When it comes to acid reflux, also known as gastroesophageal reflux disease or GERD, the symptoms are not caused by overproduction of acid. Instead, they’re due to where that acid ends up—your esophagus and throat.

In addition to the occasional use of medication to relieve reflux symptoms, Derleth recommends some lifestyle changes, such as waiting two to three hours after your last bite to go to bed. Elevating the head of your bed can also help, as can losing weight and cutting back on caffeine, alcohol and nicotine.

Read more: If marijuana is giving you an upset stomach, you’re not alone


Other health conditions can also destabilize normal acid concentrations, Derleth says.

These include common chronic stomach infections, such as those caused by Helicobacter pylori bacteria. Zollinger-Ellison syndromea rare condition associated with a tumor called a gastrinoma can also greatly increase the amount of acid in your stomach.

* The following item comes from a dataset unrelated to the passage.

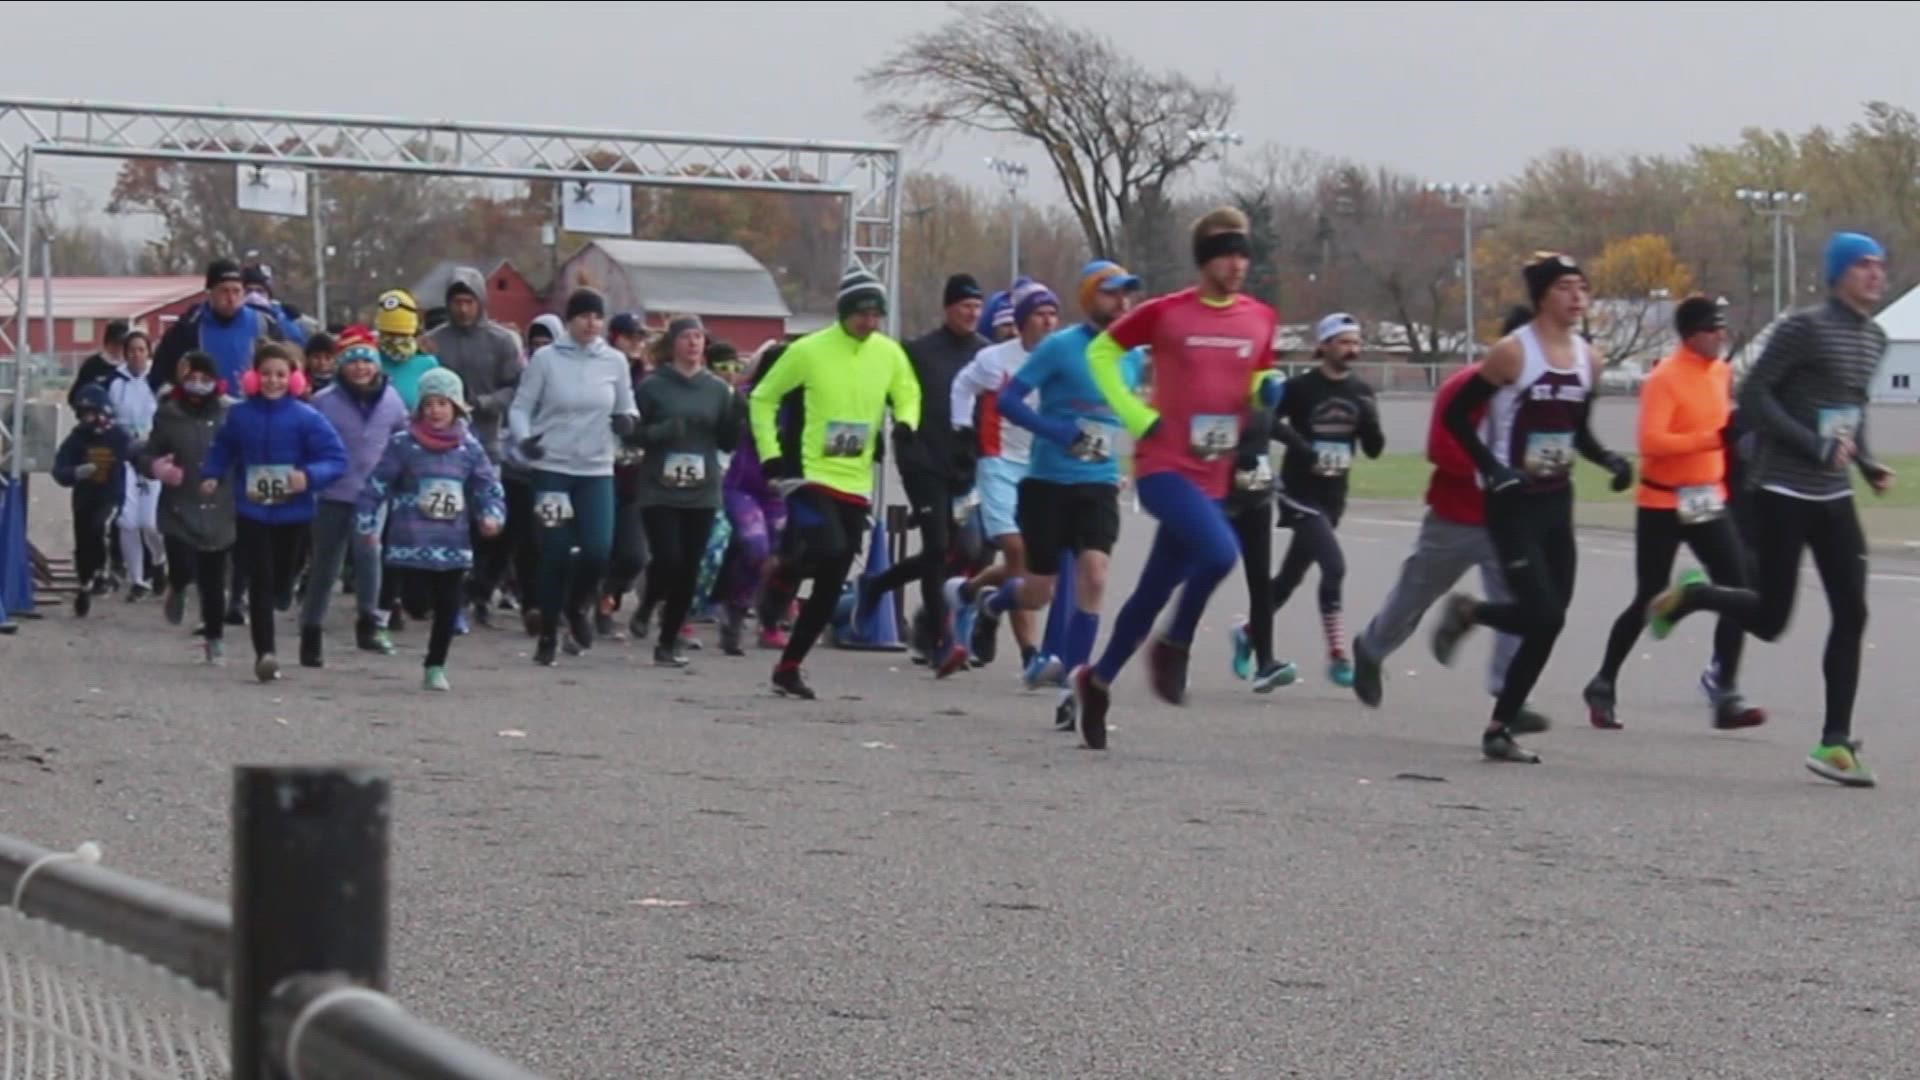 The annual event raises money and awareness for the American Lung Association. This year's race is Saturday, November 12 at 11 a.m. at the Erie County Fairgrounds.

Problems can also arise from the absence enough acid. Although production often declines slightly with age, conditions such as autoimmune atrophic gastritis can further limit acid production and lead to upper GI symptoms such as indigestion.

Upper GI symptoms that don’t respond to lifestyle or short-term treatment should prompt a visit to a health care provider, Derleth says, especially if they’re “red flag” symptoms. These include difficulty swallowing, a feeling that food is stuck in the esophagus, and a constant feeling of fullness even at the beginning of a meal.